There is very little by way of overt politics in this novel. Obviously the central issue of the treatment of immigrants and the children of immigrants is a deeply political one, and the story is also suffused with feminist awareness, disability and other social issues (although only one visible queer relationship, very quiet and in the background). But there isn’t much of left/right politics here, almost no politicians or talk-show hosts or other activists appear to be either slavishly following or cynically playing upon the racist fears of the populace—at least not center stage. Nor do we hear very much from the mouths of the racist majority; this is very much the story of the underclass (albeit 75% told by sympathetic whites rather than the Inks themselves).
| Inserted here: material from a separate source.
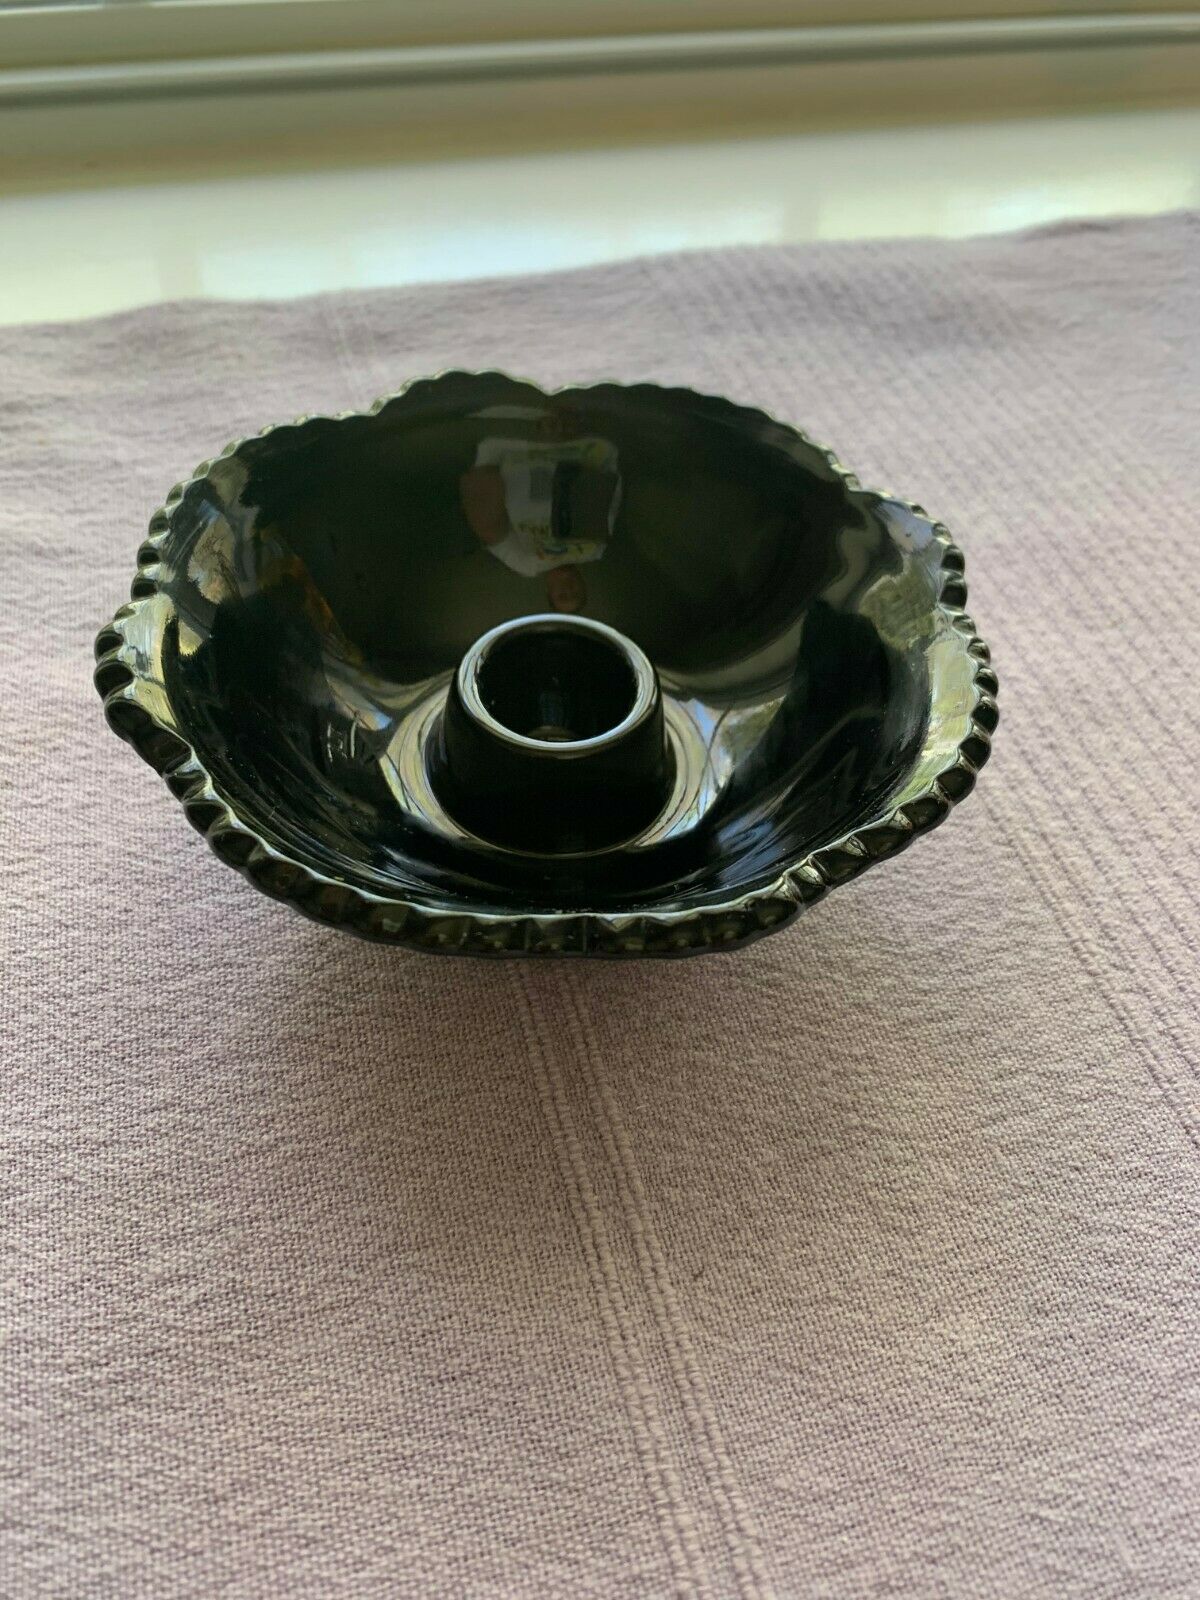 Vintage Black Opaque Pressed Cut Glass Bowl Candle Holder Pillar Taper
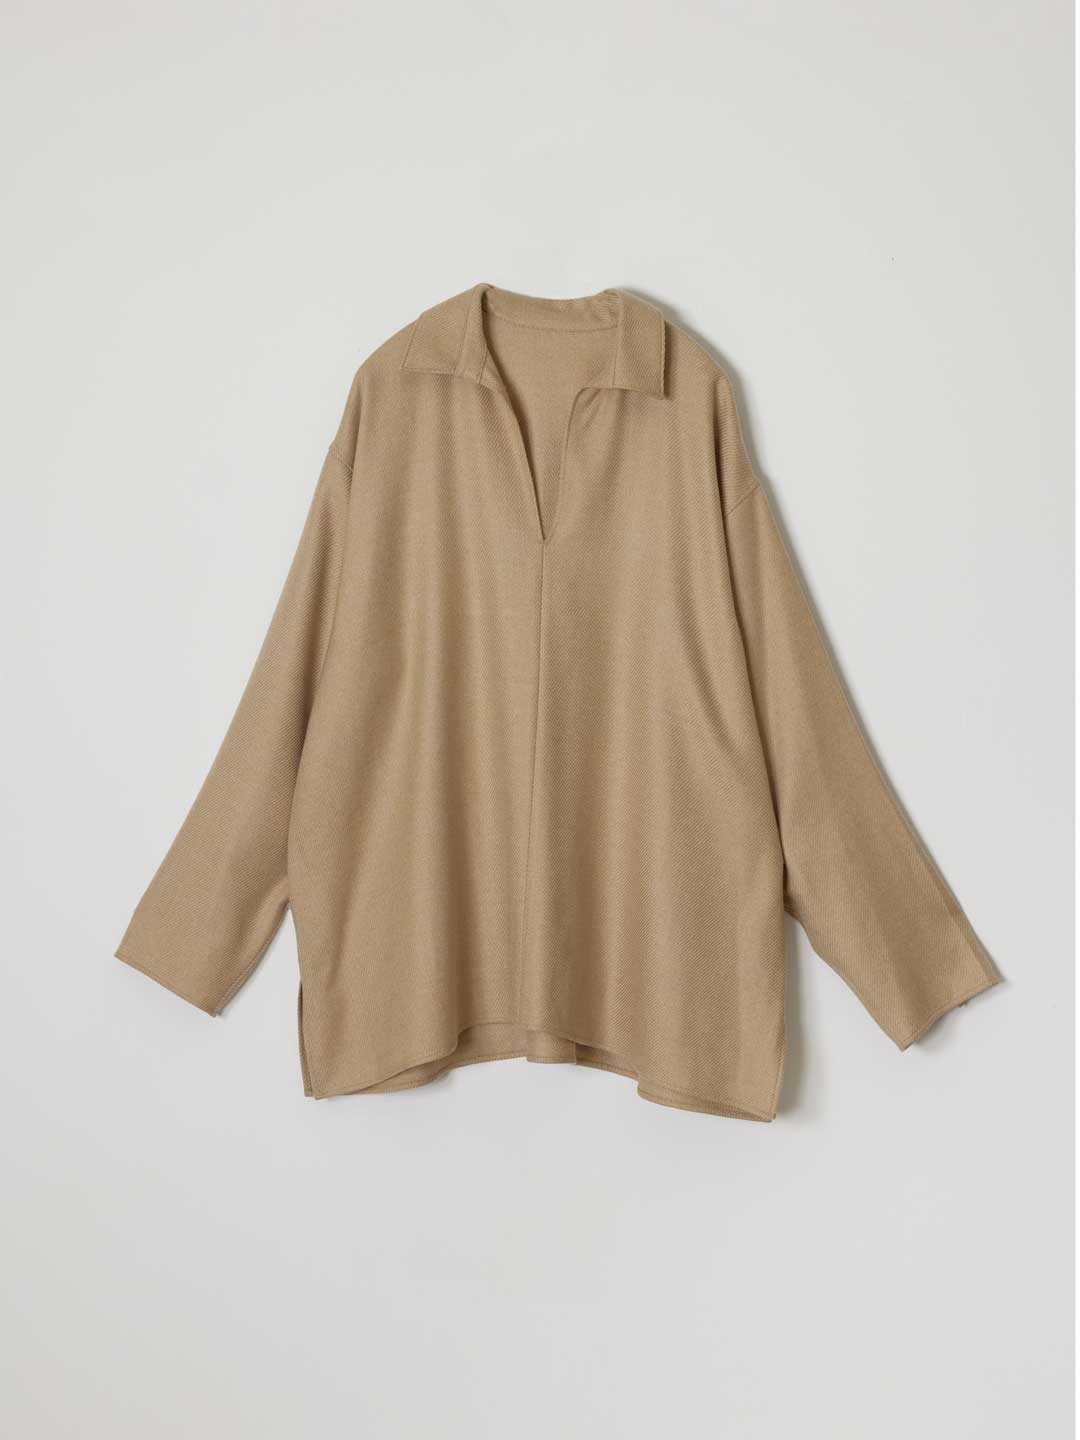 No.0344 Wool Pull-Over Shirt - Camel

This novel is also infused with magic. Mari has her spirit wildcat, and many other Ink characters seem to have supernatural powers of some kind. Del has his earth magic, which becomes stronger as he is physically disempowered later in the story. Even Abbie’s computer hacking is a kind of magic, written as a way for her to find information and interfere with public records at will, rather than a particularly realistic technical skill. But this magic is realistic in a political sense: it does not allow the heroes to supernaturally save the world. In a world full of magical powers and spirits, wicked and hateful people have powers as well as the generous and loving ones, and magic is no more able to reverse the dreadful government policies than are computer hacking or newspaper reporting. Rather the magic represents hope, and it is hope and love and friendship, and resistance with an eye to the big picture and the long term, that give this story any chance of a happy ending.
Ink is not an easy novel to read, emotionally speaking; wonderful characters are introduced and then thrown off narrative cliffs as the world crumbles around them (or killed, or raped, or institutionalized, or crippled, or lose everything they love). All four of the viewpoint characters suffer intolerably, and at times I had to put the book down because I was in danger of crying if I read on. One cannot help but care deeply for these characters, even the non-Inks who relatively speaking have less to fear. But, although there are a few technical problems with the pacing, especially at the beginning, and again, toward the end when climactic events over several years unfold in a small number of pages, this is a very well-balanced novel, neither too gentle nor too unpleasant to be taken seriously, and I cannot recommend it highly enough.